Quoi qu’il en soit, après tout juste trois mois d’arrêt, il a repris la compétition, chez lui à Riesenbeck, puis à Balve, Stockholm, au Longines Paris Eiffel Jumping et même à Aix-la-Chapelle, le concours qui compte le plus à ses yeux et auquel il a pris part pour la trente-cinquième fois en trente-huit ans. S’il a échoué à se qualifier pour la seconde manche du Grand Prix Rolex avec Mila en raison d’une faute à la rivière, on était loin d’imaginer qu’il vivait là le dernier parcours de sa carrière. Et pourtant… Entre la remise des prix et la cérémonie de clôture du CHIO, dite des mouchoirs, il est venu officialiser une décision prise dans le plus grand secret quelques heures plus tôt. Avant même le cap symbolique de ses soixante ans, qu’il a célébrés le 26 août, il a mis un terme à sa carrière, l’une des plus prolifiques et glorieuses de l’histoire de l’équitation, prenant par surprise bon nombre de ses collaborateurs, proches et amis.
Il ne pouvait en être autrement, mais encore lui fallait-il réussir cette sortie. Et celle-ci fut impériale, à la hauteur de sa réputation de “Kaiser”, surnom qui l’a toujours horripilé, mais qui lui collera éternellement à la peau. Son discours, il l’a délivré à cheval, en tenue de cavalier, au beau milieu du plus grand stade équestre de la planète, non sans trémolos dans la voix, mais avec simplicité, dignité et classe. Au public – à son public – il a déclaré ceci: “J’ai, certes, célébré de grands succès ici, mais j’ai aussi connu beaucoup de moments difficiles, qui vous ont, pour certains, énervés ou mis à l’épreuve. Je n’oublierai jamais la manière dont vous m’avez soutenu chaque année durant plus de trois décennies, dans les victoires comme dans les défaites. Ce public pardonne tout, ce qui est vraiment, vraiment, vraiment extraordinaire. Je veux le souligner et vous en remercier de tout mon cœur. J’ai dit le principal: pour moi, notre sport serait bien plus pauvre sans vous. […] J’espère pouvoir venir ici pendant de nombreuses années encore en tant que spectateur, comme vous, pour soutenir tous les cavaliers. Je crois qu’il est désormais temps de faire place aux jeunes. Cette semaine, je me suis senti un peu comme un vieux chien qui aurait le droit de retourner une fois de plus à la chasse.” L’humour aussi est la marque des grands. Avant de s’offrir un dernier tour d’honneur, il n’a pas manqué de saluer deux femmes sans lesquelles “rien de tout cela n’aurait été possible” : Madeleine Winter-Schulze, son inséparable mécène, et Marie Johansson, sa fidèle groom devenue responsable d’écurie.

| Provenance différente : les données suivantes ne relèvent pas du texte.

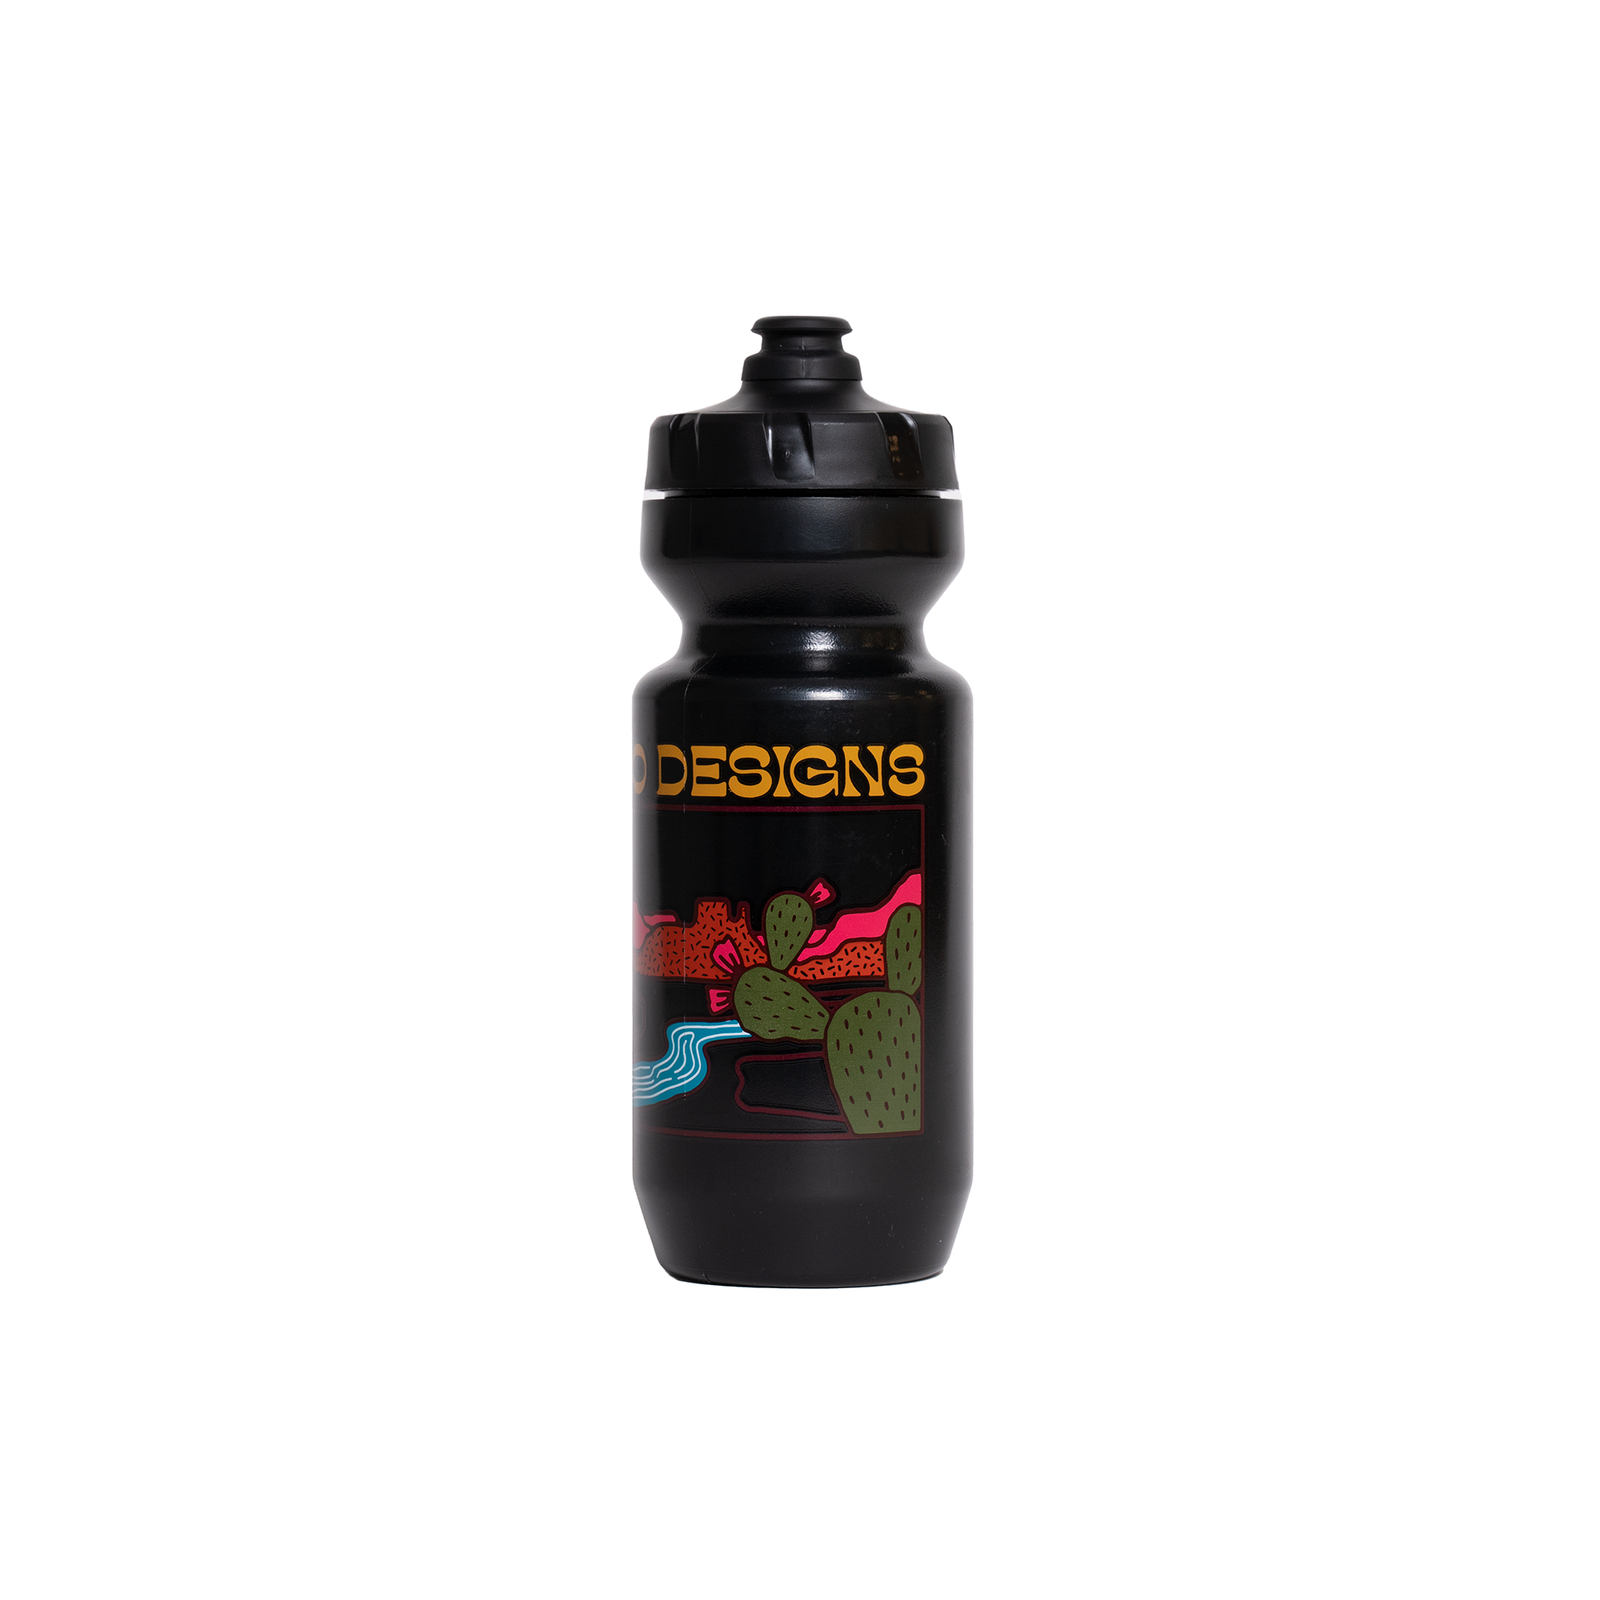 Topo Designs x Specialized Purist 22oz cycling Water Bottle in "Cactus" black.

Il ne pouvait en être autrement, et le multi-médaillé a parfaitement choisi son moment, mais on ne peut s’empêcher de ressentir un pincement au cœur à l’idée que l’on ne reverra plus en selle ce champion dont l’un des plus grands mérites restera d’avoir sans cesse cherché à alléger et bonifier son équitation. “Nos carrières étant longues et faites de hauts et de bas, il faut rester concentré et continuer à croire qu’il est possible de s’améliorer tous les jours. Quand les choses vont mal ou de travers, on peut toujours les corriger. Il faut persévérer. C’est ce que j’ai appris avec l’expérience. Et il faut également rester curieux, surtout vis-à-vis de la façon dont le sport se développe”, disait-il encore voici dix ans. “Je n’aime pas regarder de vieilles vidéos, car elles sont terribles. Notre manière de monter était horrible. C’était cruel. Et moi… lorsque je vois mes premiers parcours, j’éloigne mes enfants! Mieux vaut regarder ceux des dernières années.” Tout cela, Ludger Beerbaum ne pourra plus le prouver par l’exemple, mais sa sincérité et son humilité ont valeur de modèle pour tous les cavaliers, quels que soient leur niveau et leur âge.